MySQL SUM previous row by date column using Union - mysql

I am hoping I am just stumped because its the end of the work day on a Monday, and someone here can give me a hand.
Basically I have 2 tables that have invoice information and a table that has payment information. Using the following I get the first part of my display.
SELECT d.id, i.id as invid, i.company_id, d.total, created, adjustment FROM tbl_finance_invoices as i
LEFT JOIN tbl_finance_invoice_details as d ON d.invoice_id = i.id
WHERE company_id = '69350'
UNION
SELECT id, 0, comp_id, amount_paid, uploaded_date, 'paid' FROM tbl_finance_invoice_paid_items
WHERE comp_id = '69350'
ORDER BY created
What I want to do is:
Create a new column called "Balance" that adds total to the previous total by the created column regardless of how the rest of the table is sorted.
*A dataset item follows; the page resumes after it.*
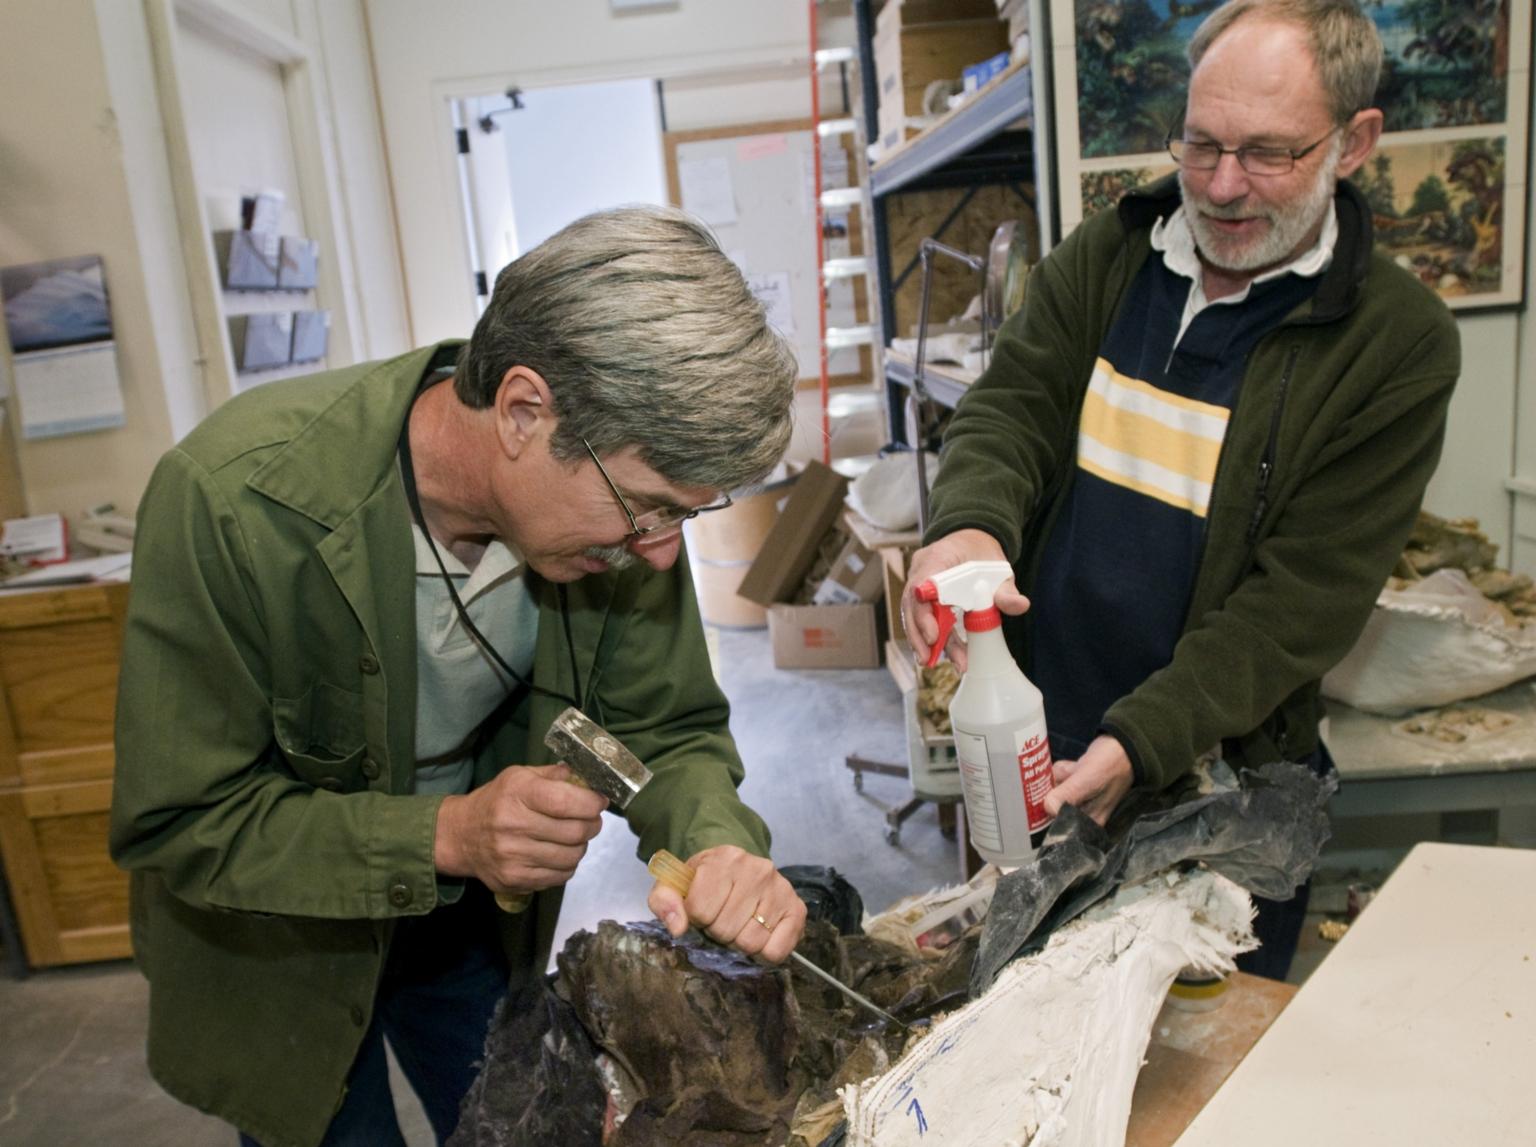 Work in Paleo Lab from Snomastadon Excavation

To give a quick example, my current output is something like:
id | invid | company_id | total | created | adjustment
12 | 16 | 1 | 40 | 01/01/16| 0
100| 0 | 1 | 10 | 01/05/16| 0
50 | 20 | 1 | 50 | 05/01/16| 0
What my goal is would be:
id | invid | company_id | total | created | adjustment | balance |Notes
12 | 16 | 1 | 40 | 01/01/16| 0 | 40 | 0 + 40
100| 0 | 1 | 10 | 01/05/16| 1 | 50 | 40 + 10
50 | 20 | 1 | 50 | 05/01/16| 0 | 100 | 50 + 50
And regardless of sorting by id, invid, total, created, etc, the balance would always be tied to the created date.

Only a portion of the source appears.